Tara reached in and took the keys. A stick cracked behind her. She spun around and gasped.
“Oh, Nick, thank God.”
“I told you to stay put. Go get Beamer. Laird’s gone that way,” he said, pointing toward the northwest. “He’s trampled through the ground cover, and his tracks are deep, since he’s carrying the boy.”
“My boy.”
“Then let’s go get him. I’m betting if he had a gun, he would have made a stand here and just gotten rid of us. And bring that sack of food. He probably knows where he’s going, and we don’t.”
“Can Beamer trace him from the smell of the car seat or these keys?” she asked, holding them up.
“Yeah, but I took this from their bedroom, just in case.” He pulled a man’s white sock from his jeans pocket. “He’s got at least a ten-minute head start, so let’s go. For once, he’s not getting out of this. I think about any court in the land will award your son to you if—”
“If what?”
If we can get him back hung in the brisk breeze, unspoken between them. If a tracking dog as old as Beamer, with his feet still healing, can find him in this vast, deep forest.
“Let’s go,” Nick said, his expression determined.

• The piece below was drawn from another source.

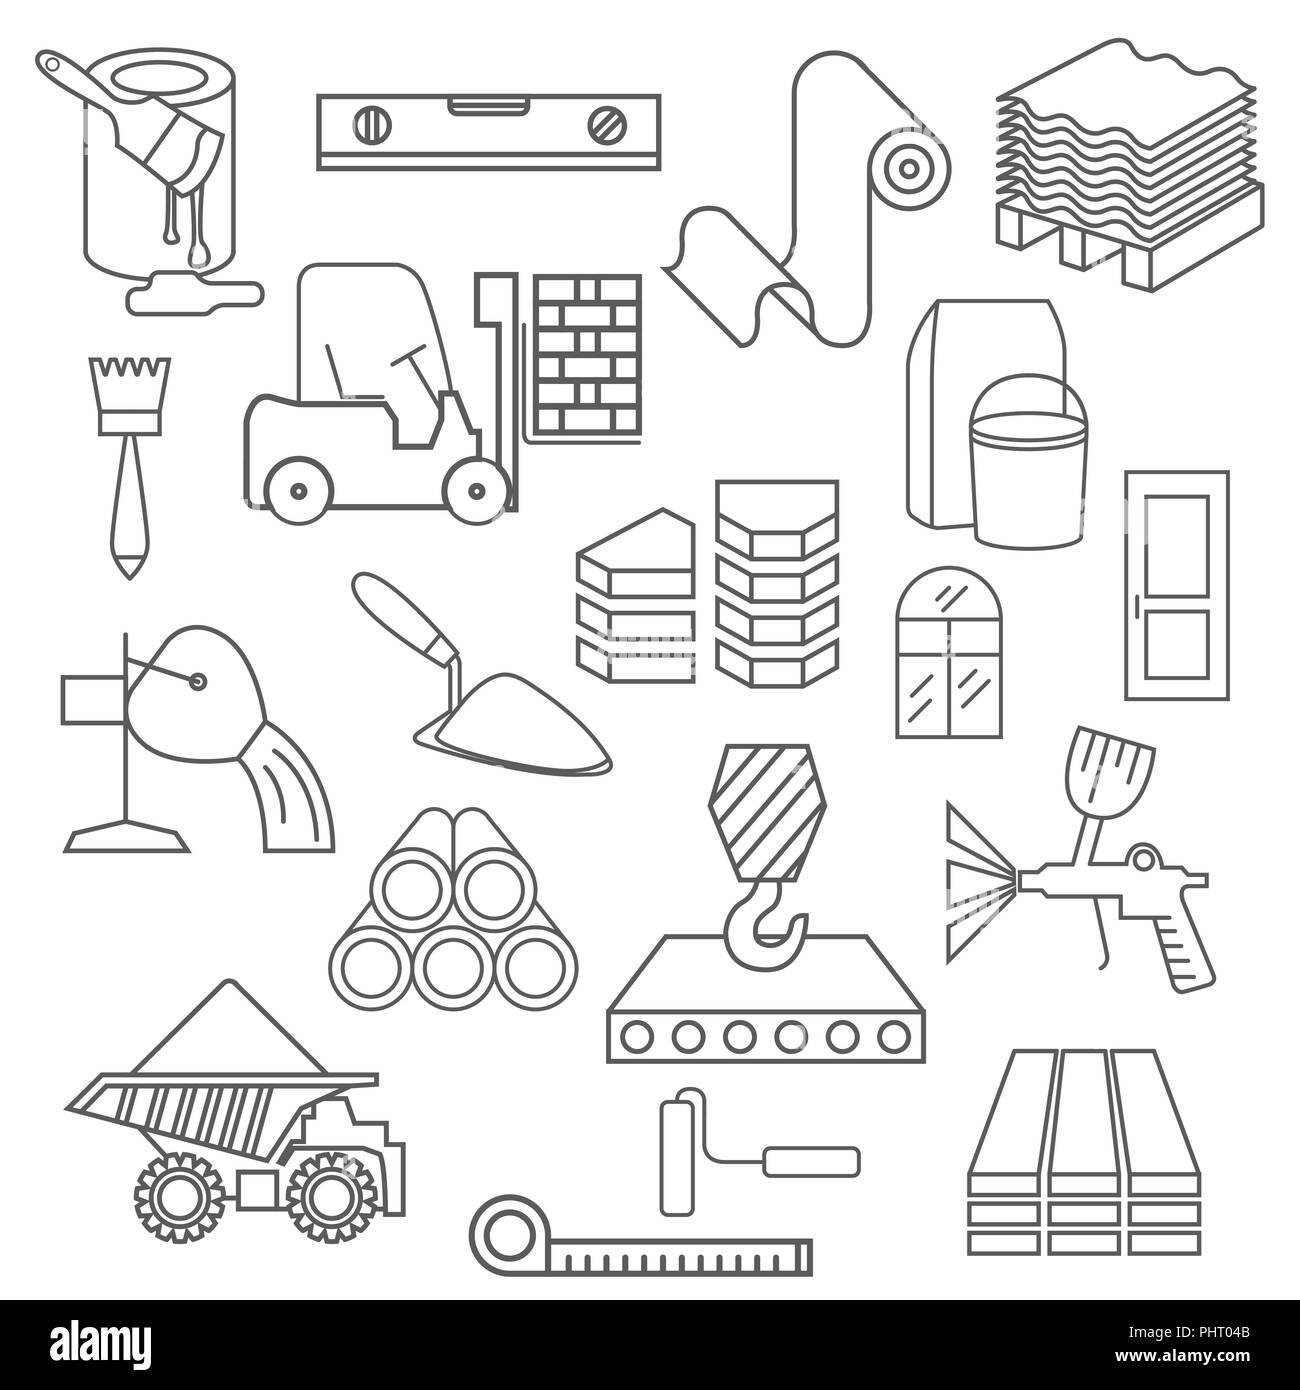 Bau- und Ausbaumaterialien Icon Set. Thin Line Design isoliert auf Weiss. Ihre industriellen Infografiken Sammlung erstellen. Vector Illustration Stock Vektor

Tara tore to the truck to get Beamer, who was in the front seat with both paws on the dashboard, looking out.
“Yes.” She whispered the words skyward, like a little prayer. “Let’s go.”
25
Nick left a scribbled note on the dashboard of their truck that they were tracking Laird and Tara’s son with a dog, in case Veronica sent the police after them. Tara got both their jackets and checked out the bag of hastily gathered food Veronica had given them. She’d obviously grabbed random things from Jen’s refrigerator or larder: a box of gourmet crackers, a package of deli luncheon meat, two small cans of V8 juice and a small gold sack of Godiva chocolates. Under all that, a half loaf of bread and jar of peanut butter with stripes of grape jelly, which were perhaps Jordie’s favorites.